Rep. Joe Courtney (D-CT) supported strengthening and preserving the Public Service Loan Forgiveness program—originally created by President Bush in 2007—to incentivize public-service careers (teachers, nurses, military, nonprofit workers). He highlighted an odd change in the bill that would exclude physicians’ residency years from PSLF just as the nation faces a growing doctor shortage, noted that his bipartisan “Service Act” would streamline and shorten the forgiveness timeline, and praised the Biden administration’s recent efforts to clear the backlog of qualified discharges after Trump-era obstruction.

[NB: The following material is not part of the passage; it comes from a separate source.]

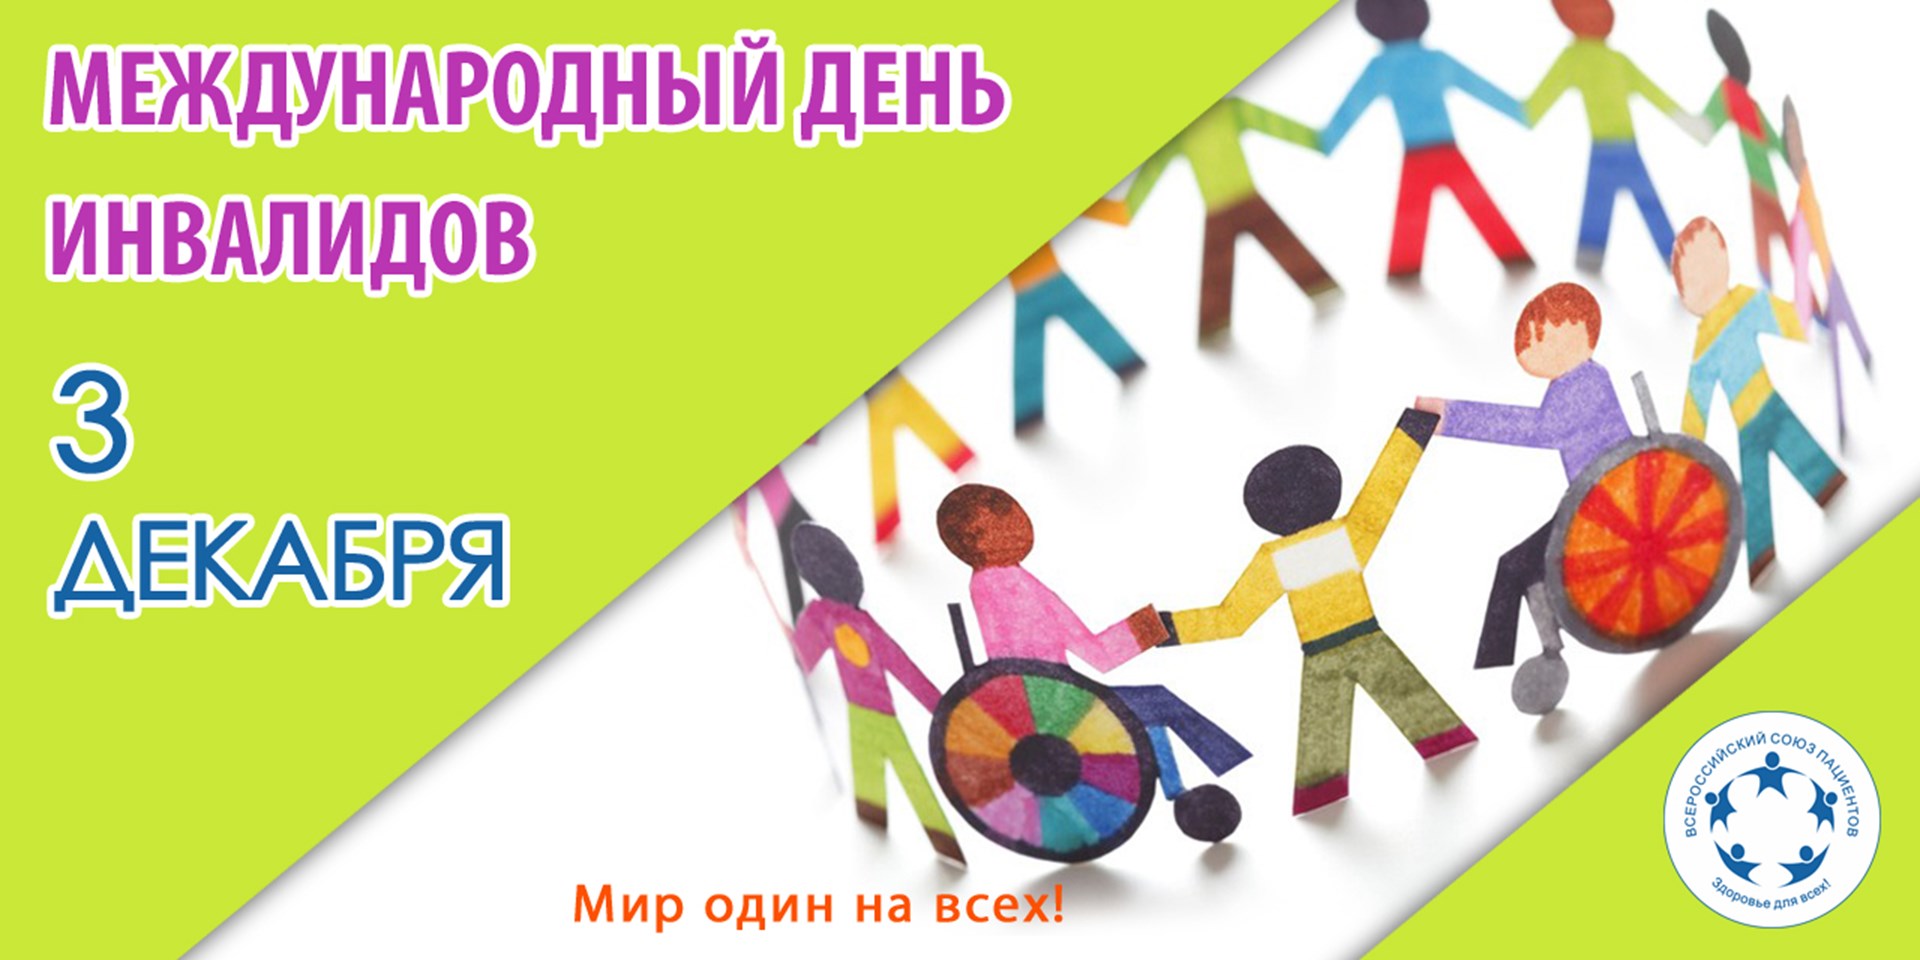 03.12.2020 3 декабря отмечается Международный день инвалидов

Chair Walberg (R-MI) argued that PSLF has become costly and unsustainable—citing uncapped forgiveness and advanced-degree loans that burden taxpayers with billions for highly paid professionals—and contended that expanding PSLF doesn’t address root causes of debt (rising program costs), urging focus instead on reforms that lower college prices.

Grad PLUS

Rep. Alma Adams (D-NC) warned that the bill’s proposed elimination and drastic limitation of Grad PLUS loans—with no viable alternatives—would devastate students and the institutions that serve them, forcing many borrowers into higher-cost, unprotected private loans and undermining access to graduate and professional degrees, particularly for students of color. She emphasized that arbitrary borrowing caps would slash Grad PLUS and Parent PLUS options, pushing families into predatory lending and jeopardizing the American Dream. Rep. Suzanne Bonamici (D-OR) added that small private colleges—which rely heavily on Grad PLUS and unsubsidized graduate loan revenue—could face severe funding shortfalls, threatening programs that train health-care providers and even risking institutional closure.